* _WHAT YOU SHOULD DO_
Give the listing again character for character, but drop the images.

* _RAW DATA_
= = =

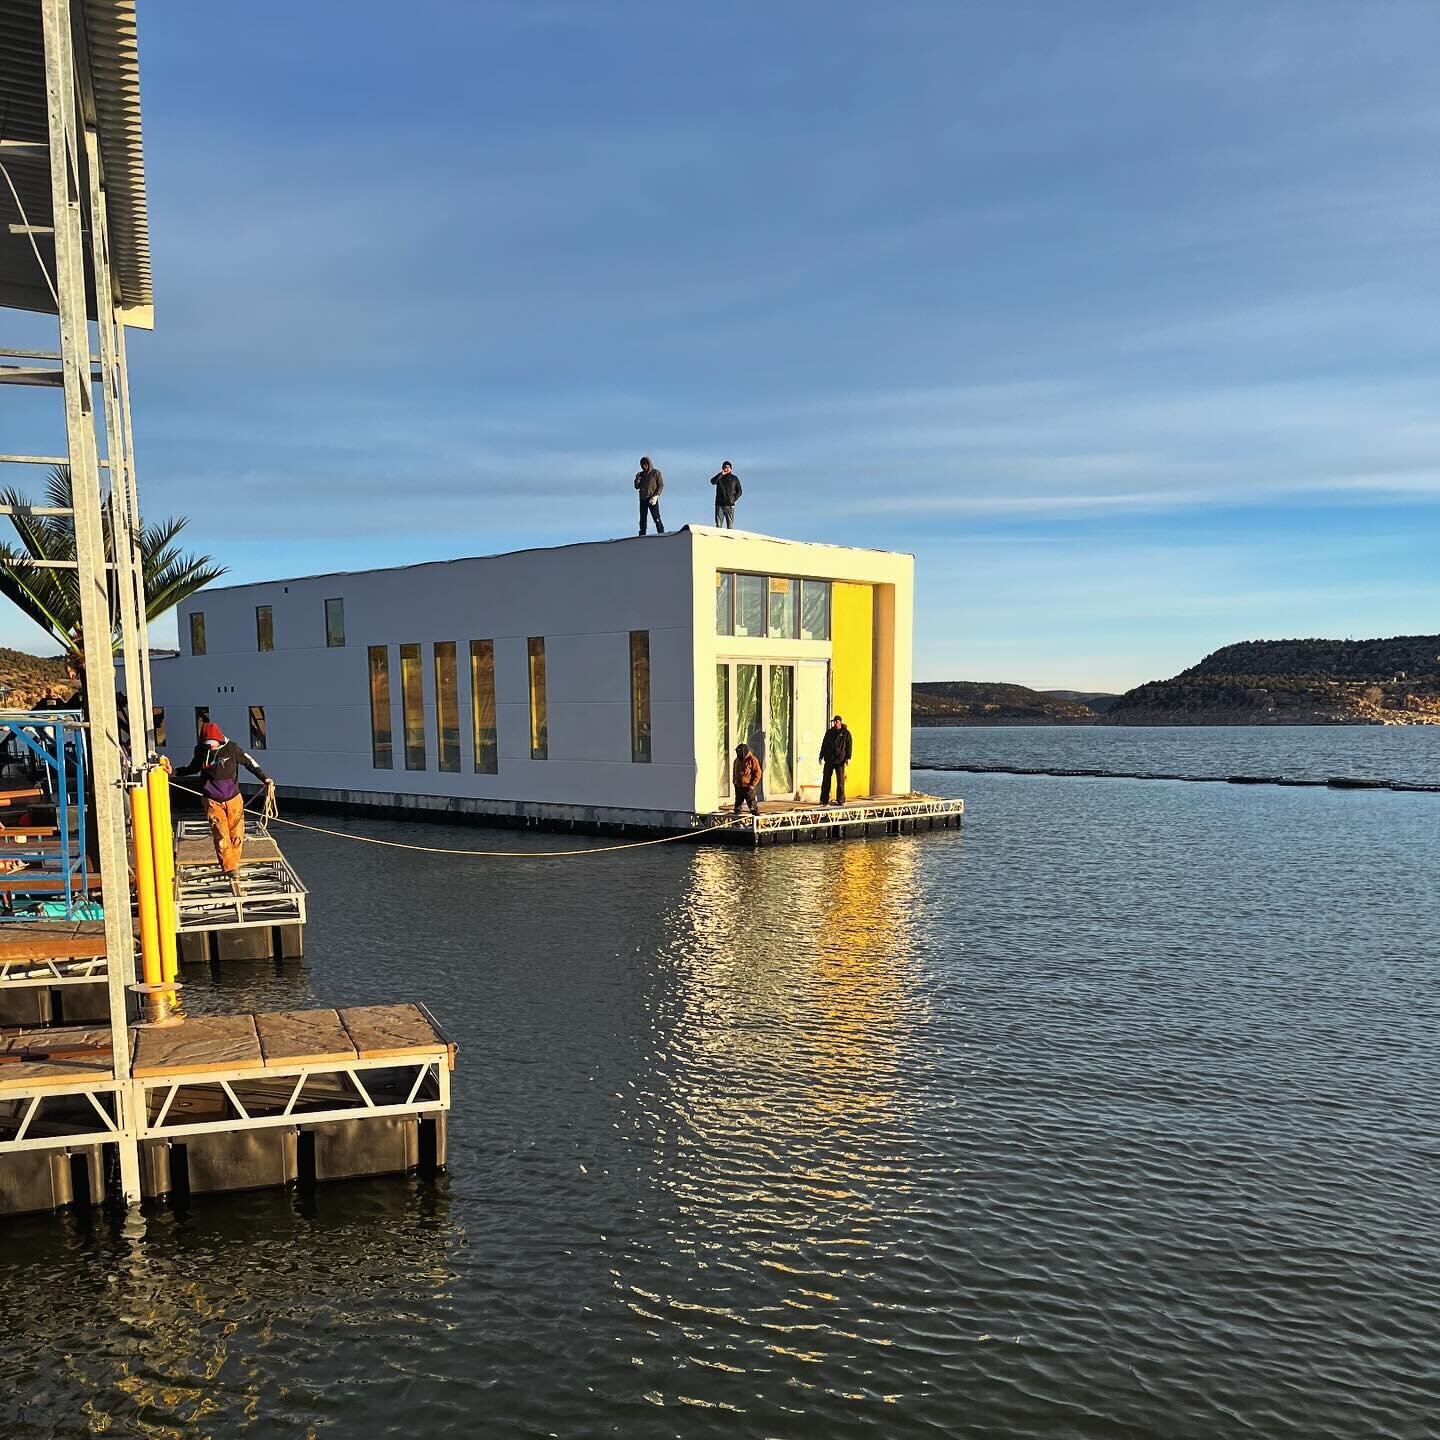 A unique opportunity recently came to the Formative studio. The chance to design a new boathouse at #navajolake in northern NM. Here we see the project floating to its new, permanent home. 

🔨: #wintersconstruction 

#boathouse #homedesign #whatever
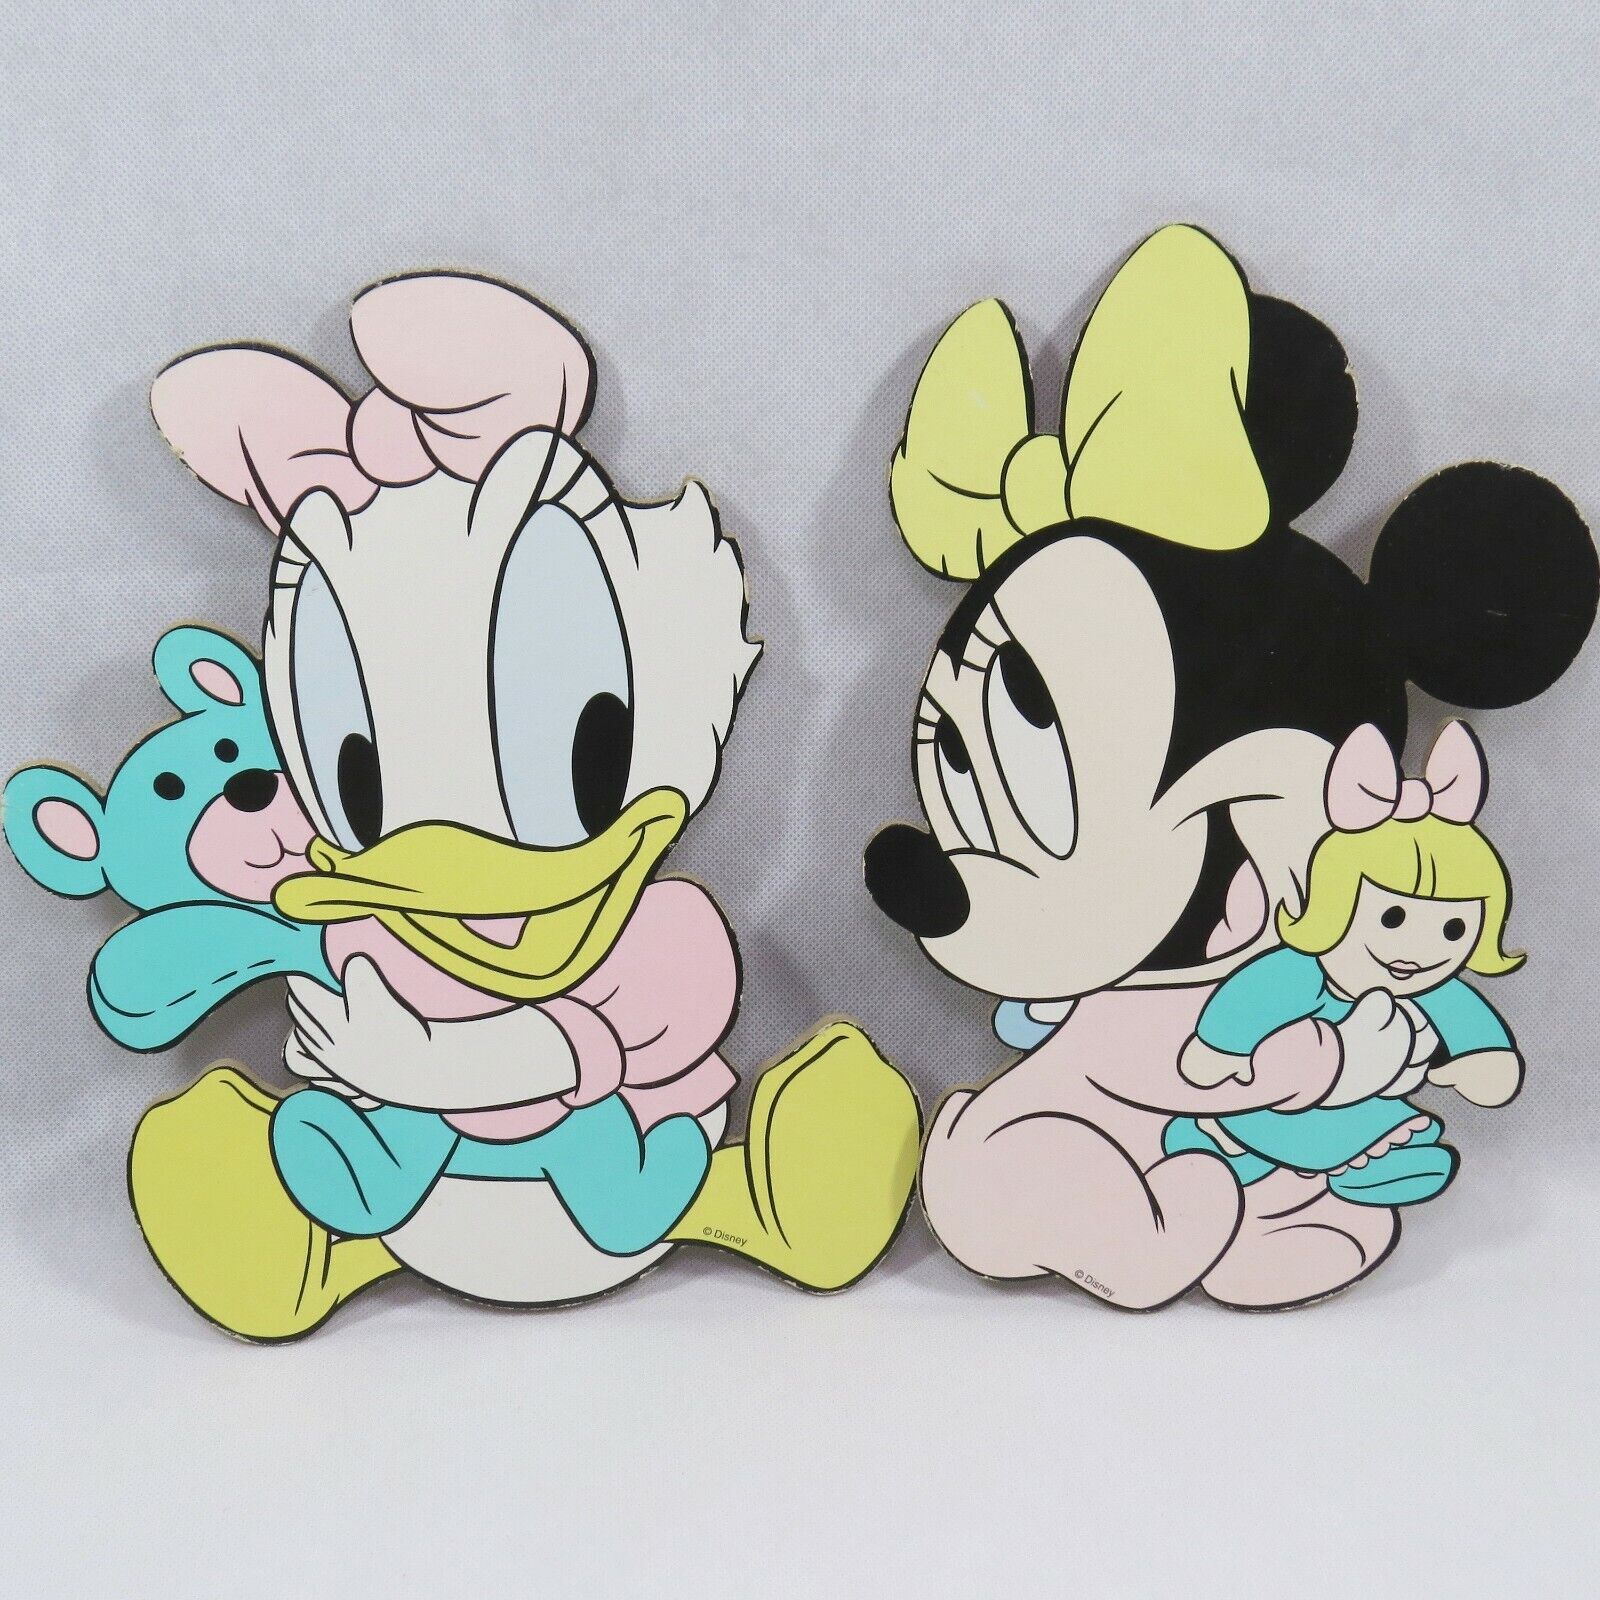 Vintage Baby Minnie Mouse and Daisy Duck Nursery Wall Hangings Decor Disney

= = =

* _ANSWER FOR THE TASK_
 A unique opportunity recently came to the Formative studio. The chance to design a new boathouse at #navajolake in northern NM. Here we see the project floating to its new, permanent home. 

🔨: #wintersconstruction 

#boathouse #homedesign #whatever
 Vintage Baby Minnie Mouse and Daisy Duck Nursery Wall Hangings Decor Disney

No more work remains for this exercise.